If you consult "Mrs Beeton's Book of Household Management" you can learn all kinds of things. A lower level maid would be paid 1 shilling 3 pence a week, plus food, housing, beer, and clothes. She would work 14 hours a day, 7 days a week, with an afternoon off each fortnight, or two weeks. A ladies maid could make 30£ a year and up, or $150. One should also not pay more than 1/12 one's income for housing. It's not clear if utilities (coal, etc) and repairs are included. Housing seems less expensive, while food, clothes, and manufactured goods were very expensive.
Mr Darcy's income was 10,000£ a year, or probably over $1,000,000 a year, while you could live, as a gentleman, on around $1000. You can get by on the income of £1000, £50 a year, but not as a gentleman. It would be a nice supplement to that £1000 a year.
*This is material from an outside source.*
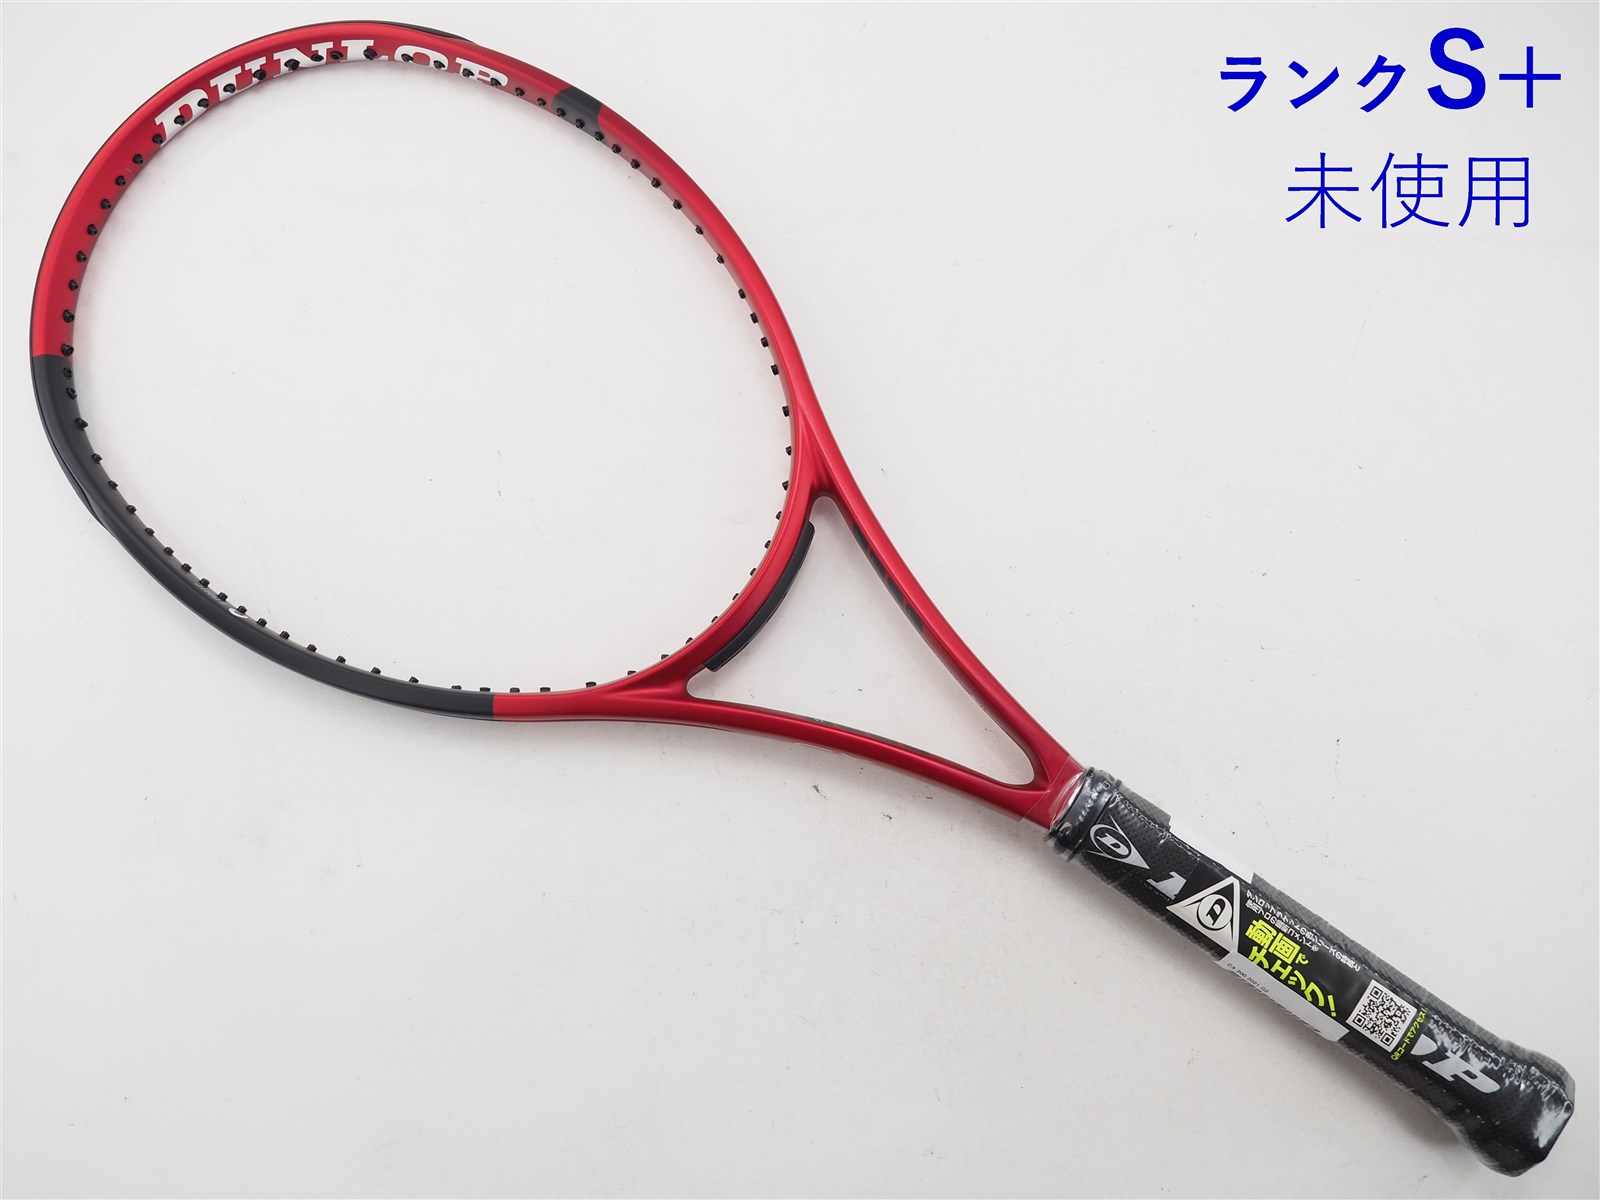 ダンロップ シーエックス 200 2021年モデルDUNLOP CX 200 2021(G2)【テニスラケット】【送料無料】の通販・販売| ダンロップ|  テニスサポートセンターへ
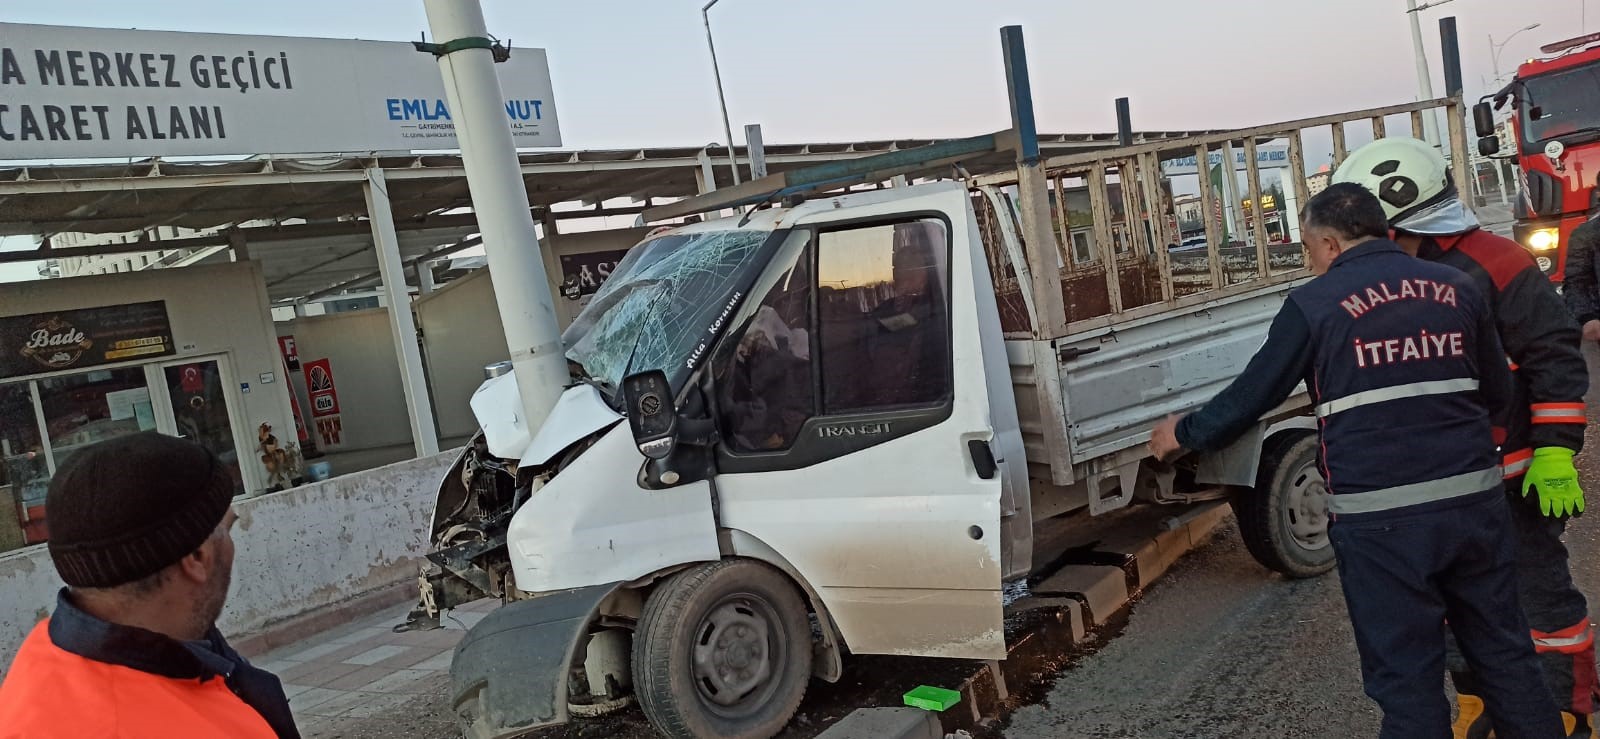 Malatya'da meydana gelen feci kazada sürücü ağır yaralandı

Btw, £1 was equal to 5$ back then.
What makes it tricky is that costs have risen very unevenly, and what constitutes a middle class life is different. Another point I ran across: a laborer made about the same amount as the allowance of a public school student. You can understand why lower class people were so put vulnerable -- they would do just about anything for a tip of a shilling.
Those dollar comparisons are not very useful. Instead of 477 horses, or whatever, it would be better to think about the cost of trained carriage horses, their feed and meds, the coachman's and groom's wages, housing, and other expenses, plus the carriage house and stable, and miscellaneous expenses. All that, versus an expensive car or two.